Contudo, se é fato que a Reforma não questiona a oralidade, suas conseqüências

podem não ter sido determinantes, mas contribuíram para o início de um processo de

passagem de uma cultura oral para uma cultura da leitura e da escrita, ou ao menos alteraram

sua forma. Antônio Frago (1993, p.34-5) analisa essa questão, situando-a em seu contexto

histórico e social:

Ao difundir-se a alfabetização e o texto escrito, por intermédio da imprensa, mudam as relações com o mesmo: a função de mediador desaparece e as condições de comunicação, de coletivas, passam a ser individuais. (...) As

duas vítimas desse processo são o velho e o padre. O primeiro perde a utilidade de sua memória; o segundo, o segredo de seu prestígio e o núcleo de seu poder como elo entre o escrito e o oral.

Esse autor tem posição semelhante à de Jean-François Gilmont sobre a não

interferência da Reforma na tradição da cultura oral e afirma que apesar de ser “inegável a

coincidência no tempo, na Alemanha do século XVI, da Reforma com um crescimento da

rede escolar e da alfabetização”, seria naturalmente “errôneo conectar, no século XVI, a

leitura da Bíblia em língua vulgar com a alfabetização” (Ibid., p.47). Contudo, apesar da

cautela necessária em não se verificar na situação uma relação de causa-efeito, o autor não

chega a esclarecer o que poderia ter contribuído para tal “coincidência”.

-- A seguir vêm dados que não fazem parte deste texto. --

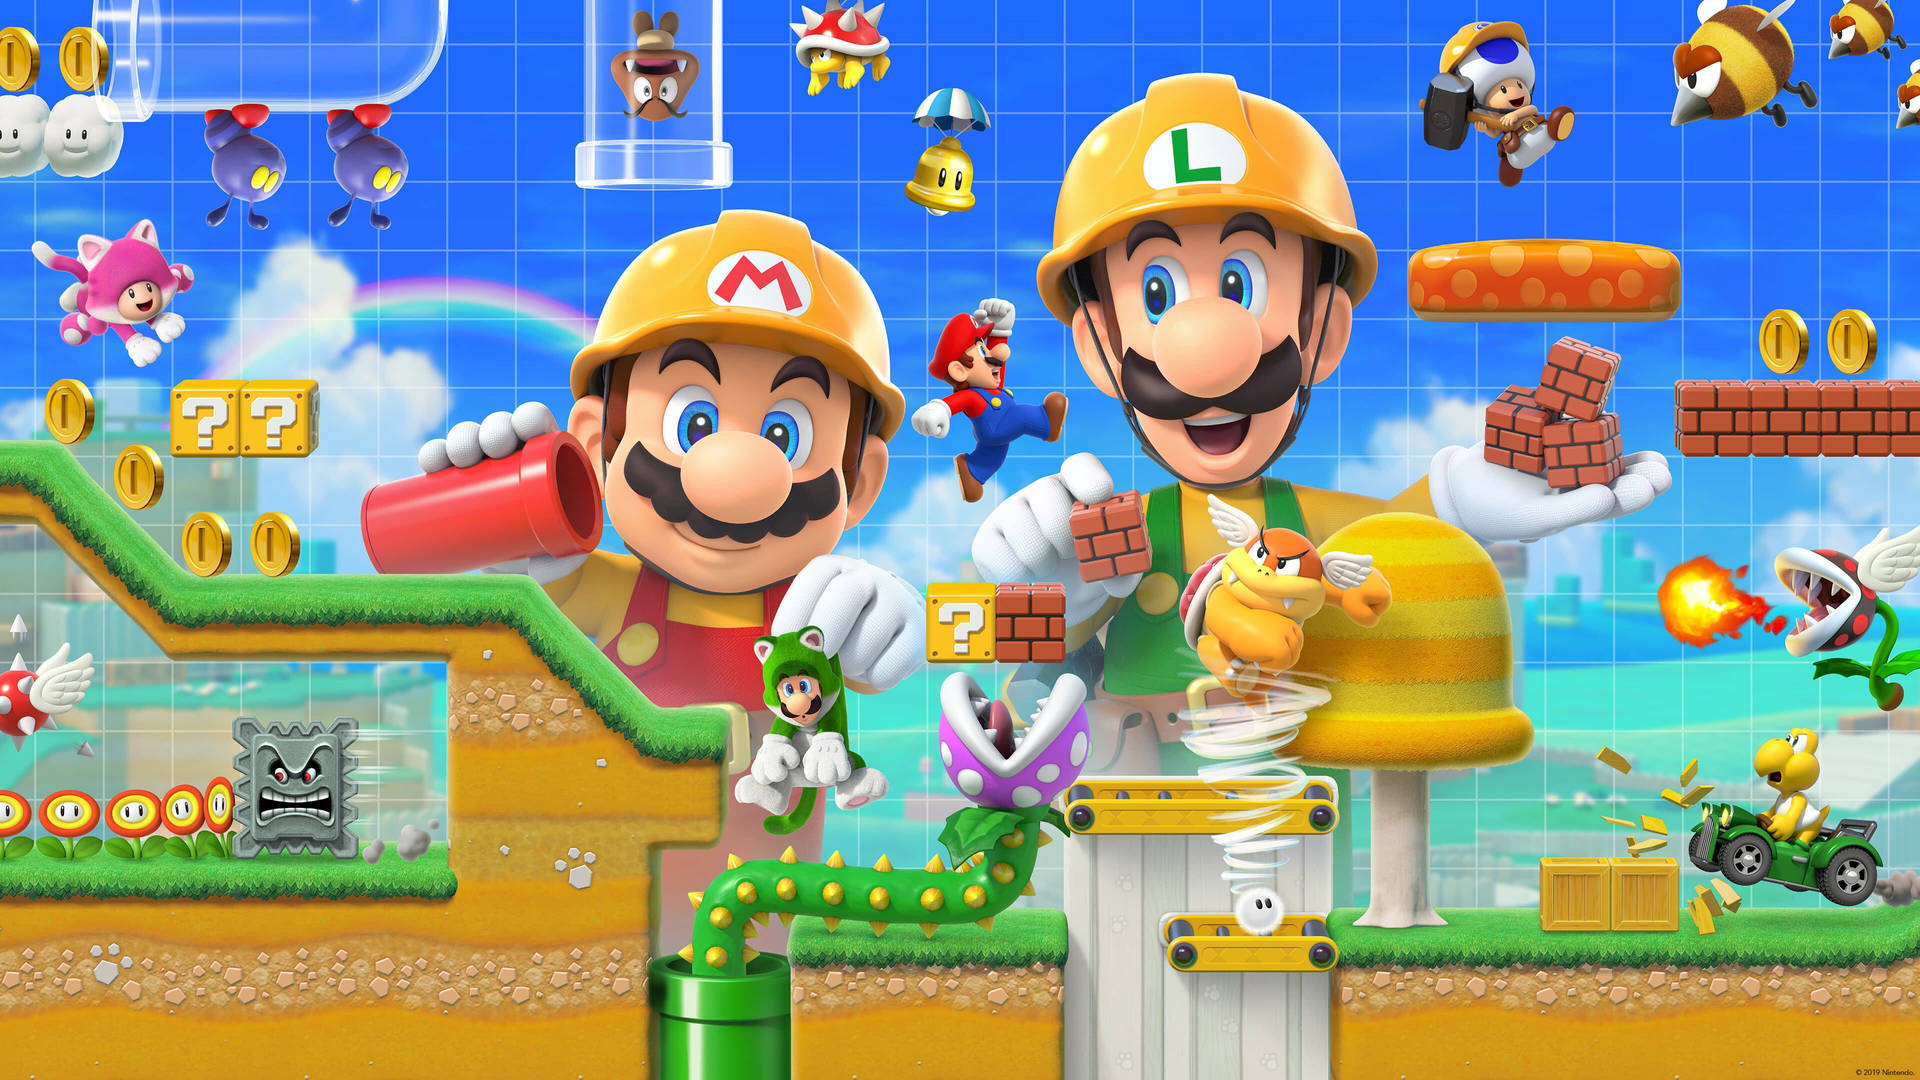 Super Mario Maker With Luigi Wallpaper
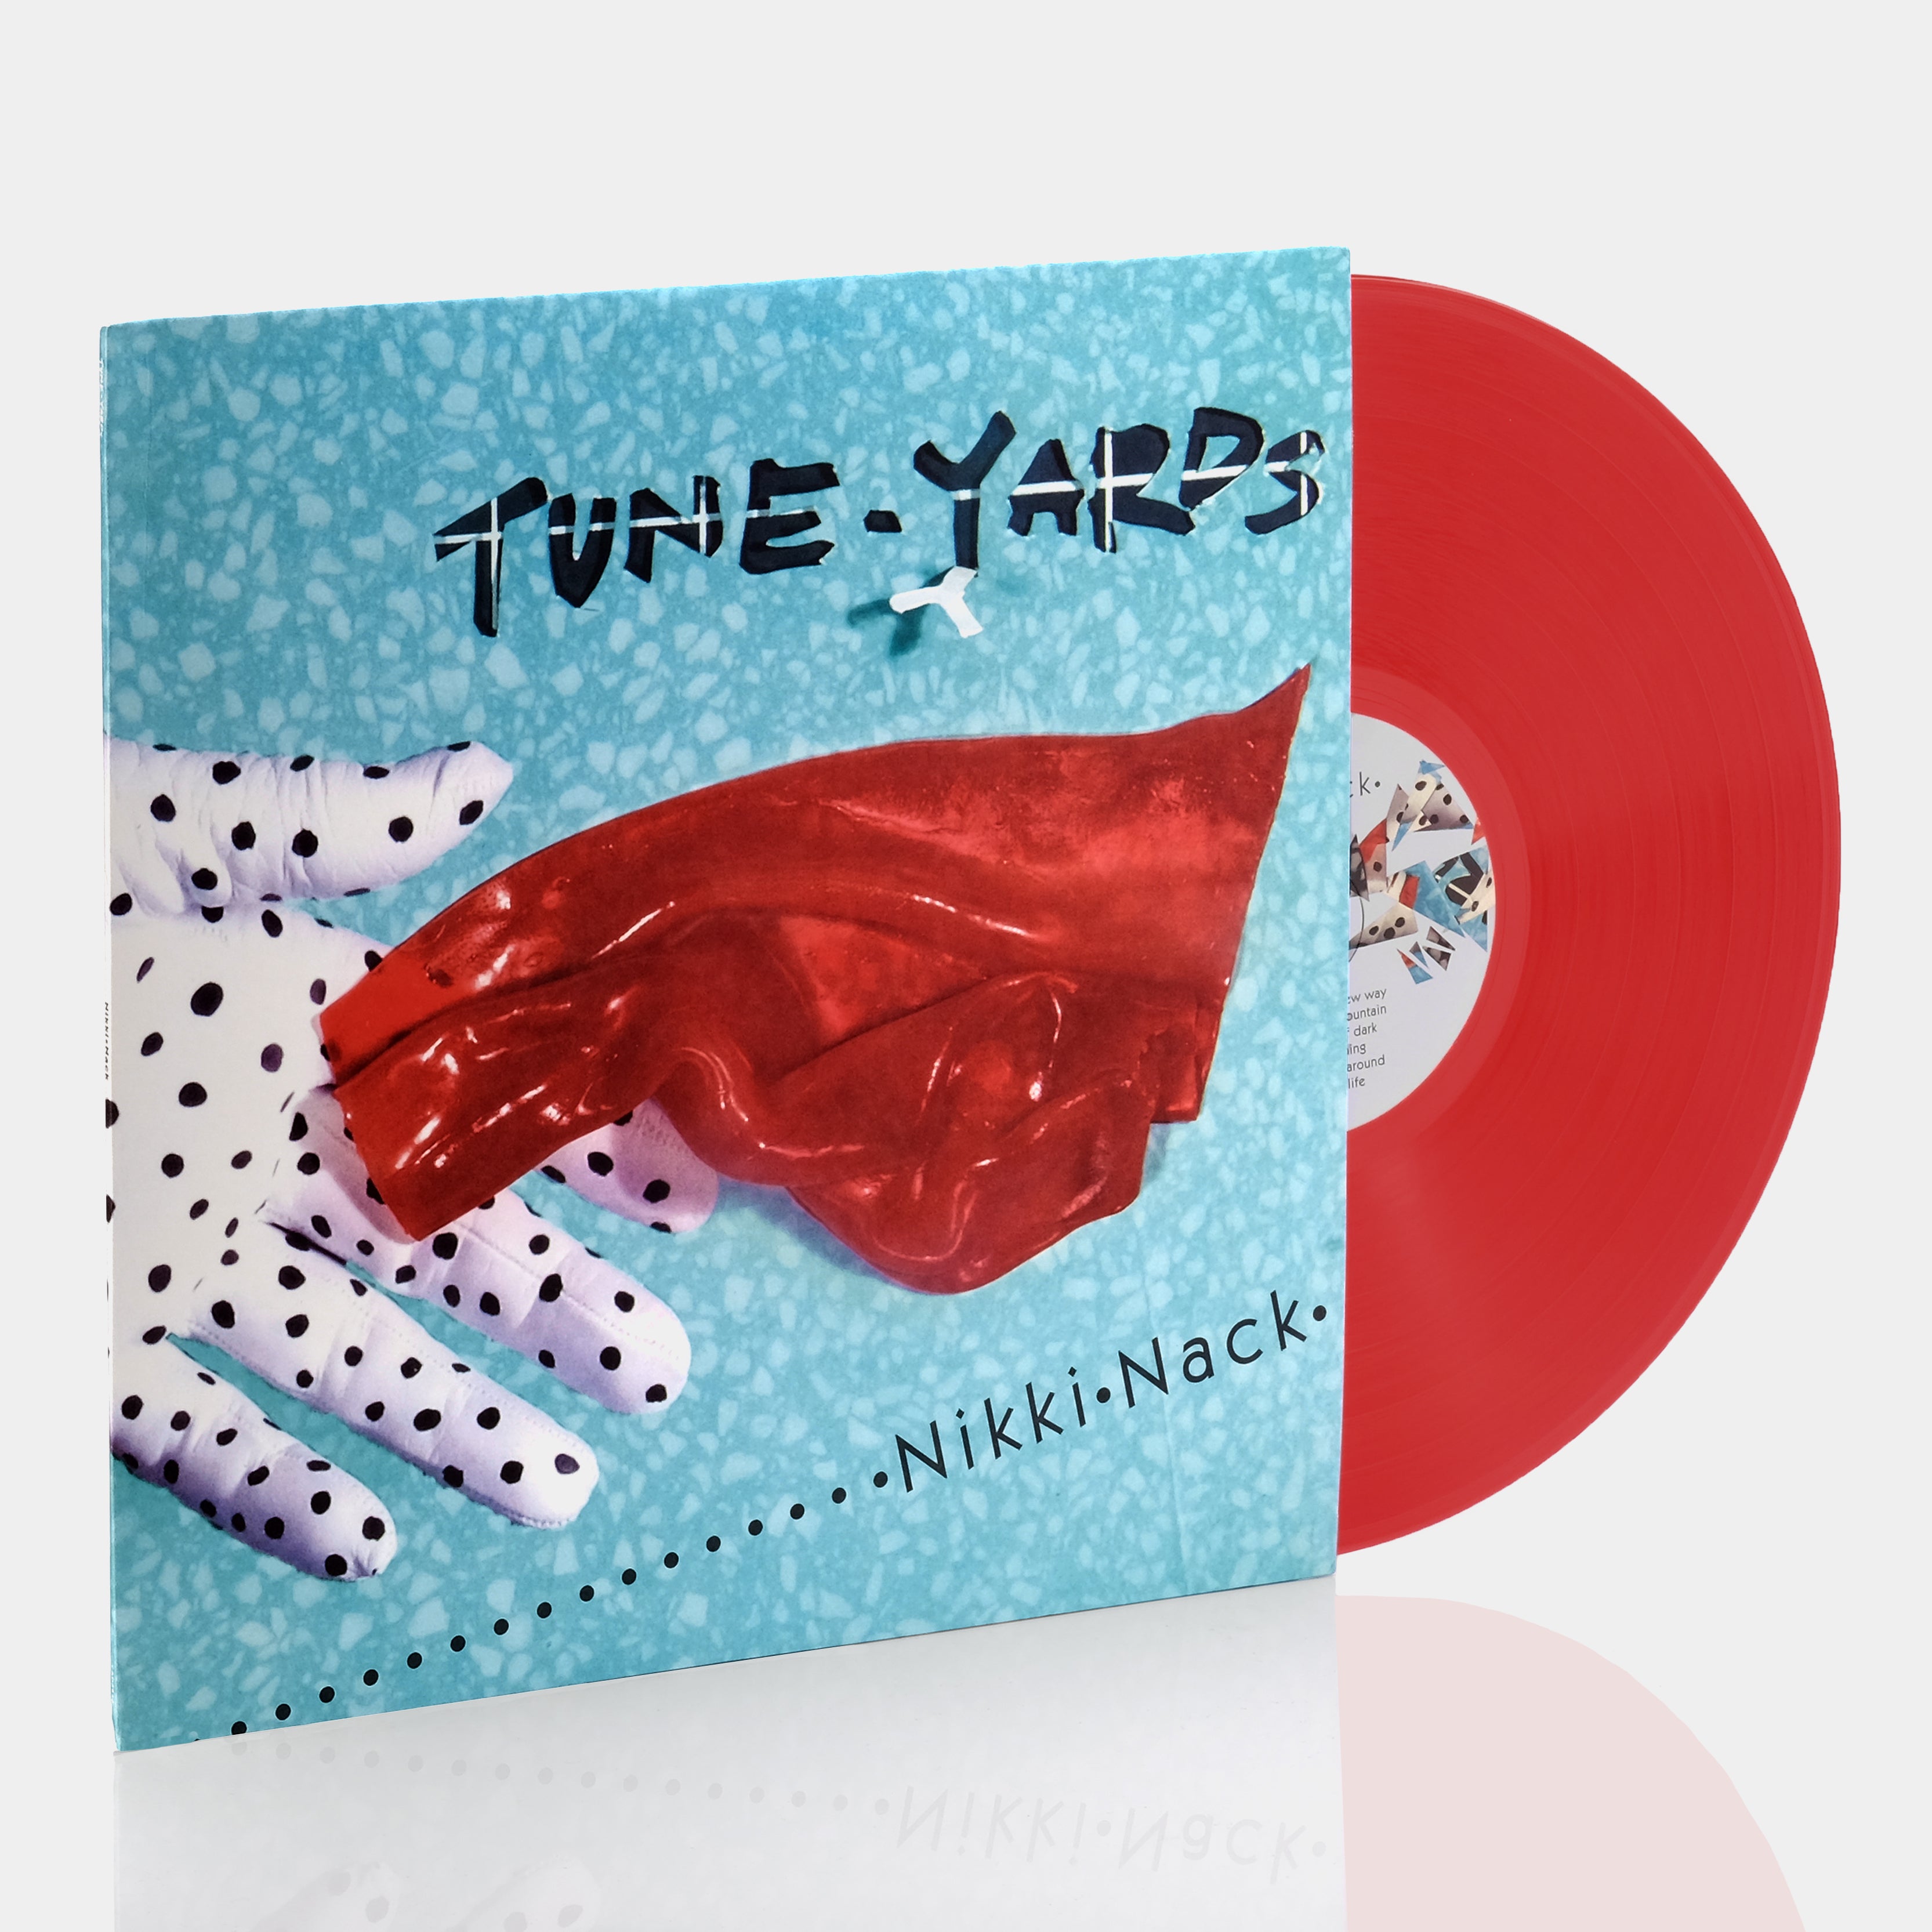 Tune-Yards - Nikki Nack LP Red Vinyl Record

Em relação à questão da oralidade na Igreja, Timothy George (1993, p. 91) analisa a

posição de Lutero e afirma que para ele “a igreja não era uma ‘casa da escrita’, mas uma ‘casa

da fala’”, afinal o próprio Cristo nada tinha escrito, mas sim pregado pela palavra falada;

baseia-se, também, no ensinamento do apóstolo Paulo de que “a fé vem pelo ouvir e o ouvir

pela Palavra de Deus” (Rm 10: 17).22

Dessa maneira, se na escola mantinham uma cultura

oral, na Igreja, para o ensino da Palavra de Deus, ela também era mantida e indicada como a

melhor maneira.

Relacionado à oralidade, a memorização também é algo que permanece como método

de ensino defendido por Lutero. O próprio Catecismo Menor foi formulado em forma de

perguntas e respostas (comum em muitos livros de Confissão da Baixa Idade Média), na qual

ele sugere que as crianças deveriam recitar até aprenderem, sendo que isto deveria se dar um

pouco de cada vez, sem sobrecarregá-las. “Lutero não via a memorização como um fim em si

mesmo, mas como um nível de assimilação inicial, necessário numa época em que poucos

tinham condições de adquirir um livro” (DEFREYN, 2004, p. 39), sendo que, depois que se

decorasse o texto, deveria ser explicado o que ele significava: “quando já conhecem bem o

texto, ensina-lhes também o sentido, para que saibam o que significa (...)” (OSel 7, p. 449).